Pour revenir à la double vie de la femme au travail, je ne me perdrai pas en vastes considérations déjà évoquées par des prosateurs plus doués que moi. Je rappelle simplement les multiples questions résultantes telles que les conciliations des horaires, les courses effrénées pour mener à bien des occupations quotidiennes, l'intervention de nounous parfois nunuches et parfois dures avec les enfants, la souffrance qui en découle pour ces mêmes enfants trop tôt soumis à des rythmes d'adulte, la mauvaise conscience des mamans conscientes de tout cela ou bien qui font taire leurs inquiétudes, l'inconfort des femmes qui voudraient - c'est légitime - s'impliquer et se responsabiliser davantage professionnellement, l'infériorité des salaires de nos compagnes sous le prétexte précisément de leur moindre disponibilité, etc...

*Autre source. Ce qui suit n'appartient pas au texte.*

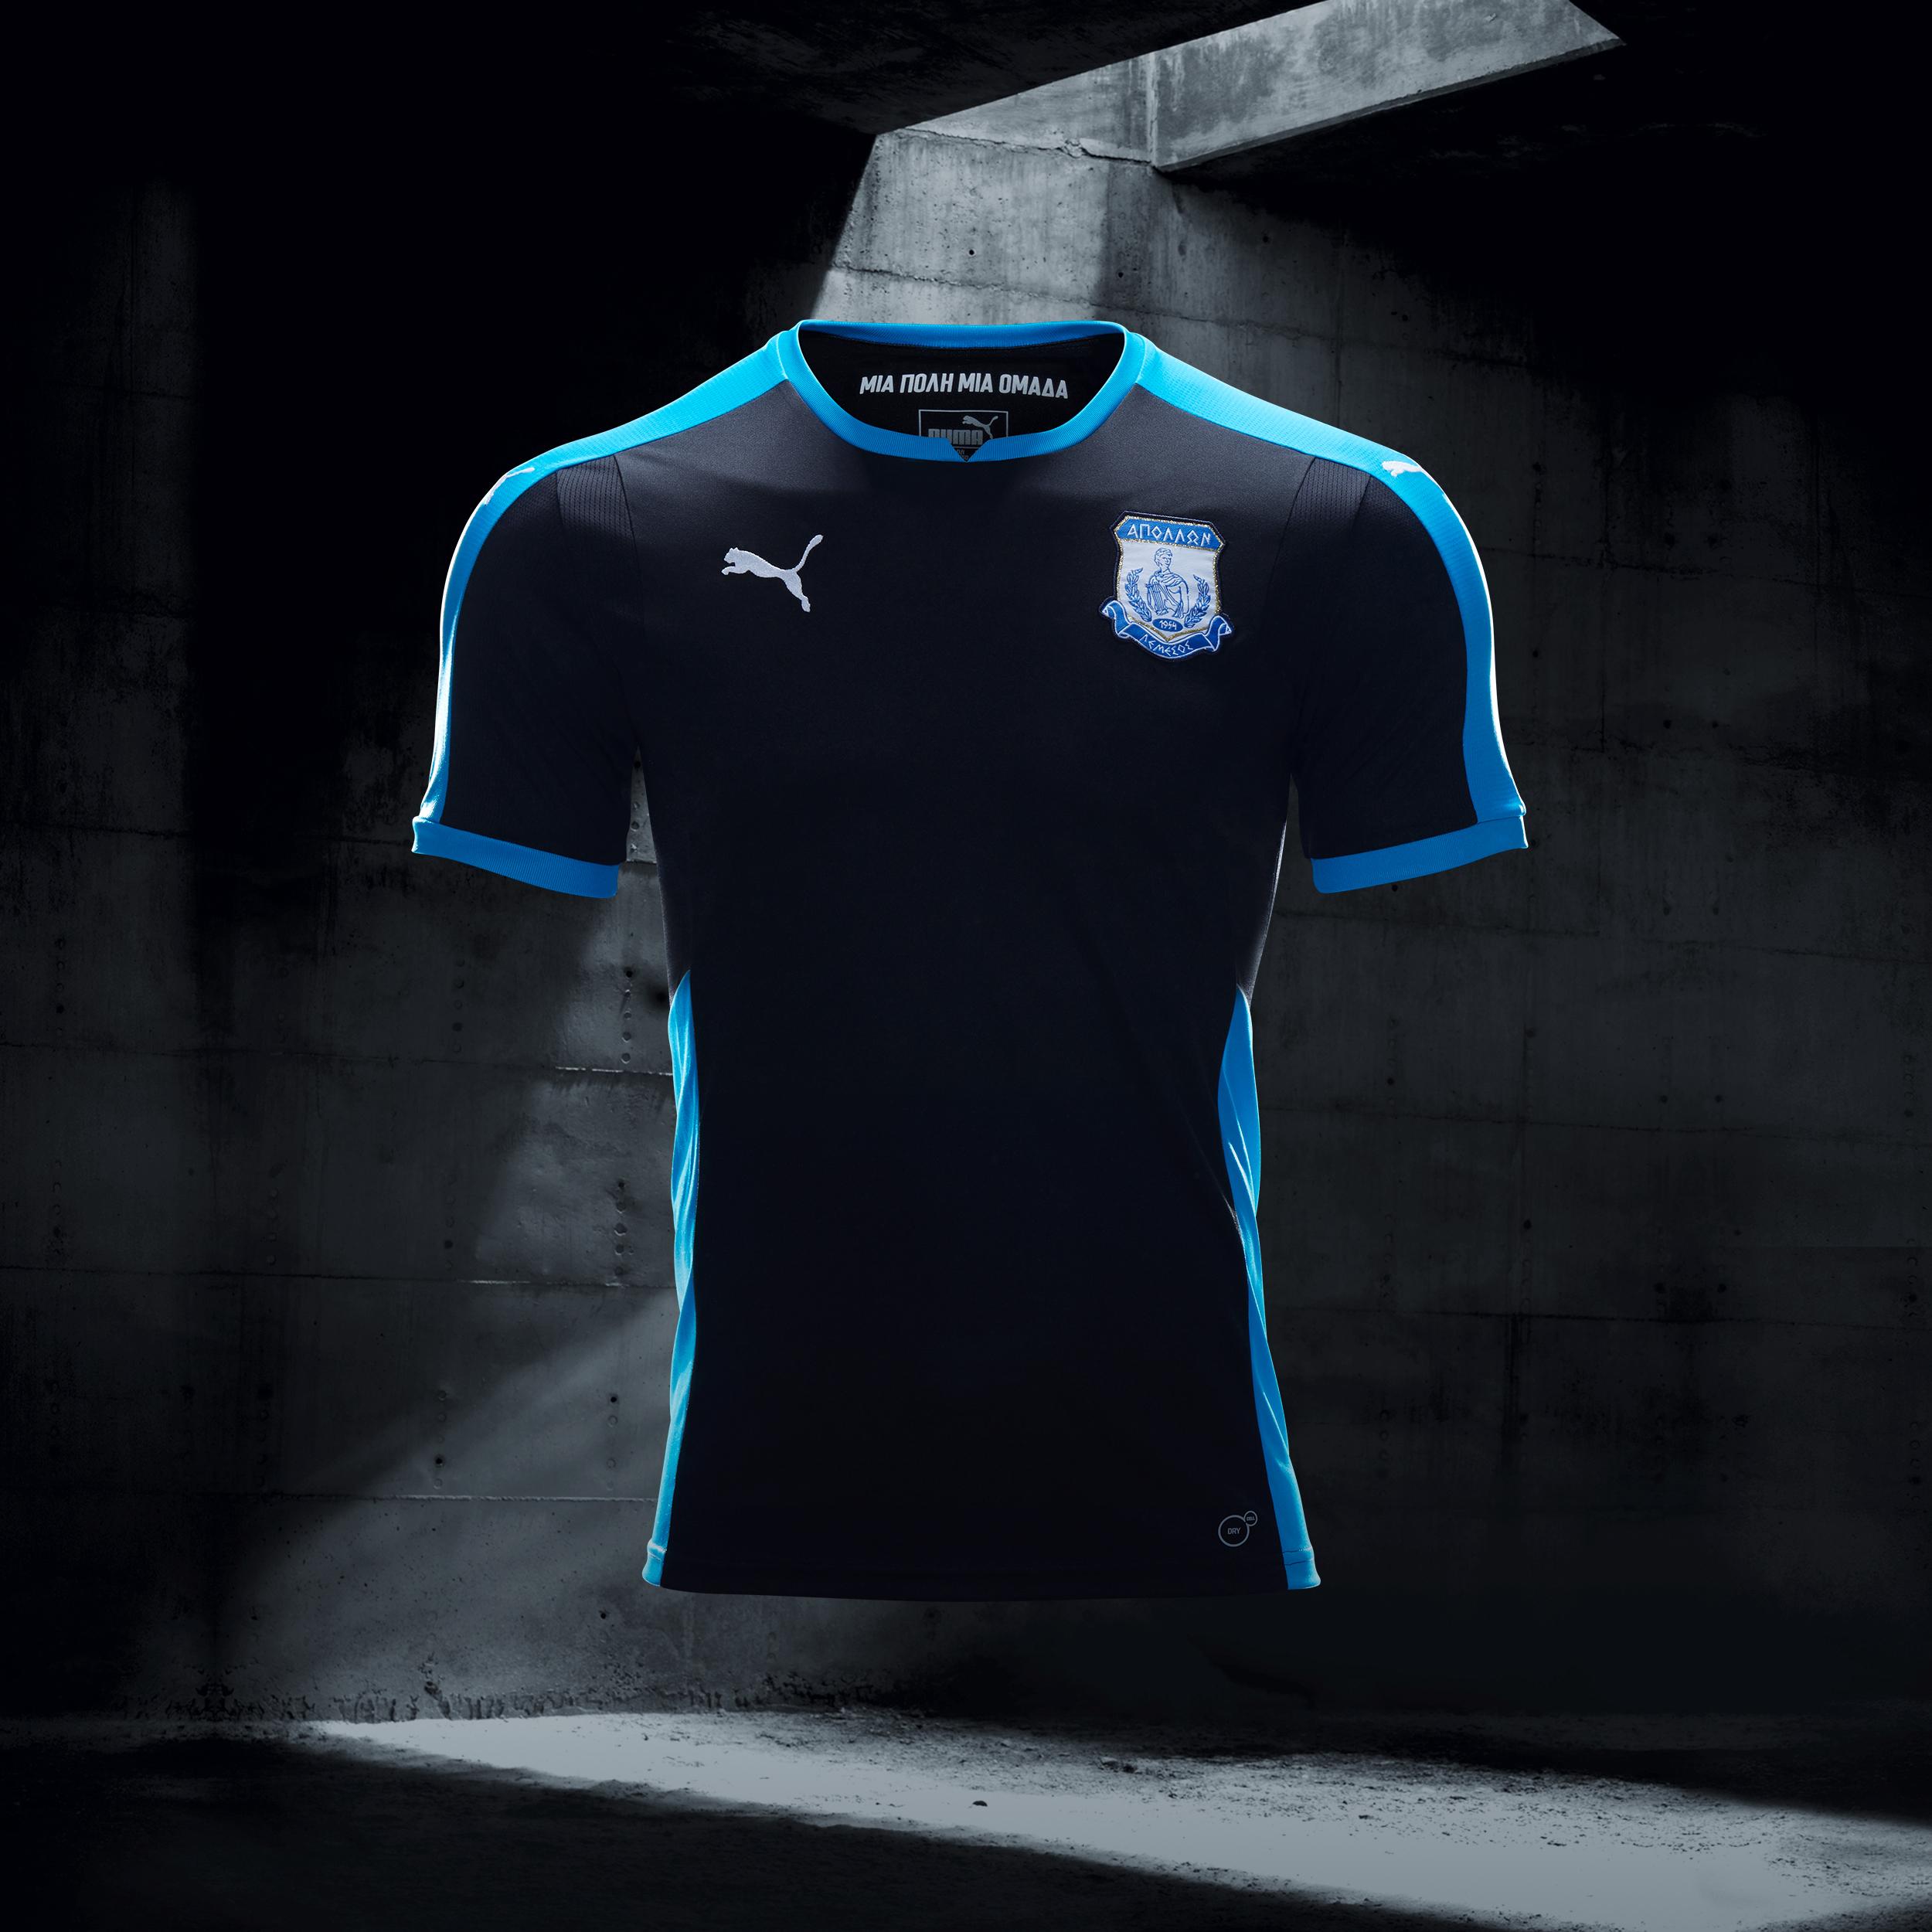 Panamá apresenta seu uniforme para a Copa do Mundo inspirado na ... 71919c577a7a0

Dans cette énumération, je n'ai pas parlé des travaux domestiques soi-disant prétendus négligeables. J'y viens. La femme au foyer a du travail, beaucoup de travail. Là non plus je ne me perdrai pas en listes détaillées. Que le lectorat prenne la peine de songer à toutes les sollicitations causées par la tenue d'un foyer, sollicitations certes allégées par les progrès technologiques, lave-linge, lave-vaisselle... mais indubitablement alourdies par les requêtes des enfants si l'on veut réellement et qualitativement s'occuper d'eux. Sollicitations alourdies également si l'on veut personnaliser son service de maison, par exemple assurer une cuisine traditionnelle et non une cuisine industrielle à coups de plats "tout-prêts".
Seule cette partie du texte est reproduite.